Astrakhan.  Back in February we blogged about the difficulties of fostering support for the opposition movement in the Southern oil and gas town.  This week headlines have spoken of the Volga city ‘electrifying’ the opposition, becoming a new battleground in the fight against election fraud and the ills of Putin’s power vertical, thanks to a hunger strike from thwarted mayoral candidate Oleg Shein.  Many have been quick to claim that the sudden explosion of anti-Kremlin activity has more to do with the Muscovites who have descended upon the city (among them Alexei Navalny, Ilya Yashin and Sergei Mironov) than native Astrakhanians.

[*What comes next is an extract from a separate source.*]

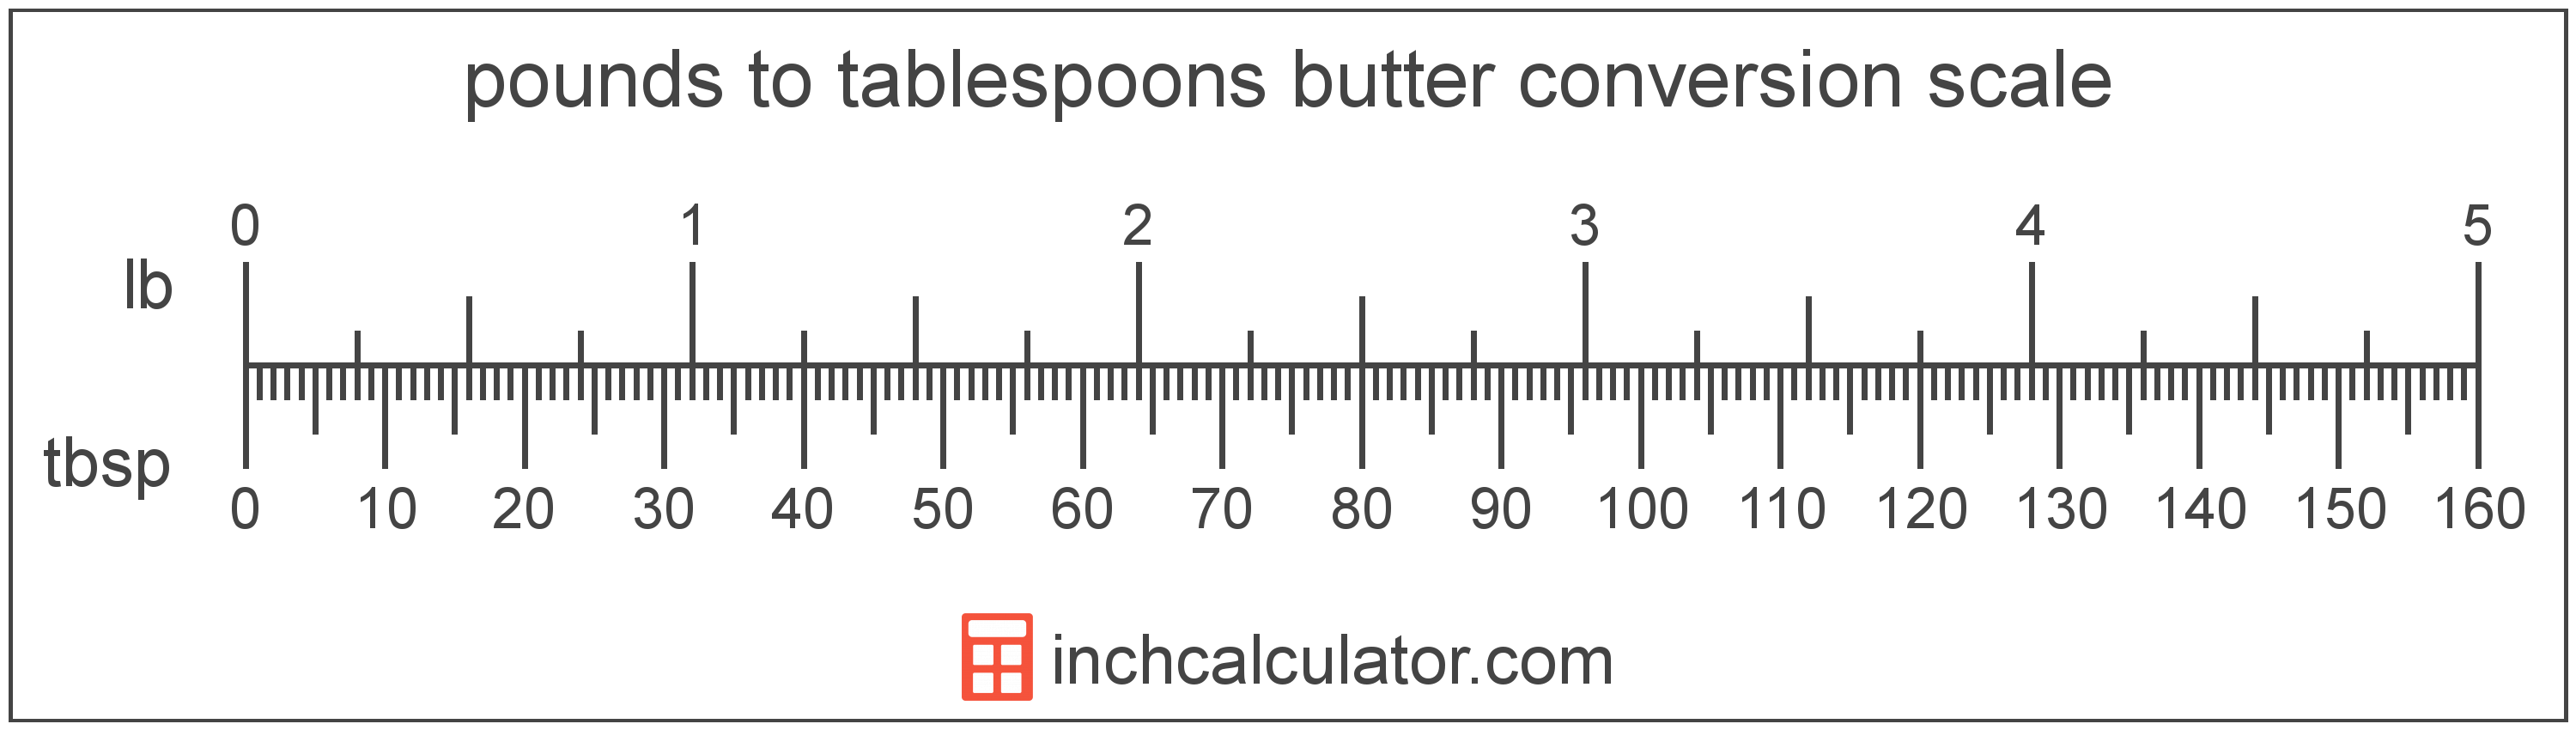 conversion scale showing tablespoons and equivalent pounds butter values

Michael Birnbau in the Washington Post says that ‘few residents knew of Shein’s accusations or his struggle even as opposition circles in Moscow watched with increasing concern, stoked by his day-by-day entries on a blog that is little-read locally’.  Astrakhan’s governor, Alexander Zhilikin, has responded to the arrival of Navalny et al with a “get off my land” style repartee, treading the familiar path used by regional politicians via which they suggest that the capital’s citizens fail to appreciate the nuances or needs of life in a smaller city.  Whilst it would not difficult to believe that locals are ambivalent or disinterested in the events, the importance of this as another building block in the regional resistance to the Putin regime, in which Tolyatti are Yaroslavl are already components cannot be underplayed.  Yesterday the Power Vertical’s Brian Whitmore penned an article on Muscovite Ilya Varlamov, who plans to compete in primaries to choose an opposition candidate for the mayoral elections in the Siberian town of Omsk.  Varlamov explains how as an outsider, the idea seemed  ‘totally absurd. I was only in Omsk once in my whole life. I was born and lived my whole life in Moscow’.  But as Whitmore goes on to explain, local or not, what Russia’s opposition needs, more than anything, is responsible and active candidates:

‘[…] the experiment in Omsk takes things to a whole new level. All of the candidates participating in the primaries — and there are 24 of them — have signed a pledge to back the winner in this summer’s election. Organizers say the primary will boost public interest in the election campaign and serve as a way to introduce the eventual opposition candidate to the public.

‘“Why shouldn’t we, the active citizens, promote a really independent modern candidate? A person, capable of responsibly representing the interests of all of the city’s social classes — most of all, the active citizens of Omsk; a person capable of seriously improving the social climate in the region,” Citizen-Mayor activist Viktor Korb told Ria-Novosti.’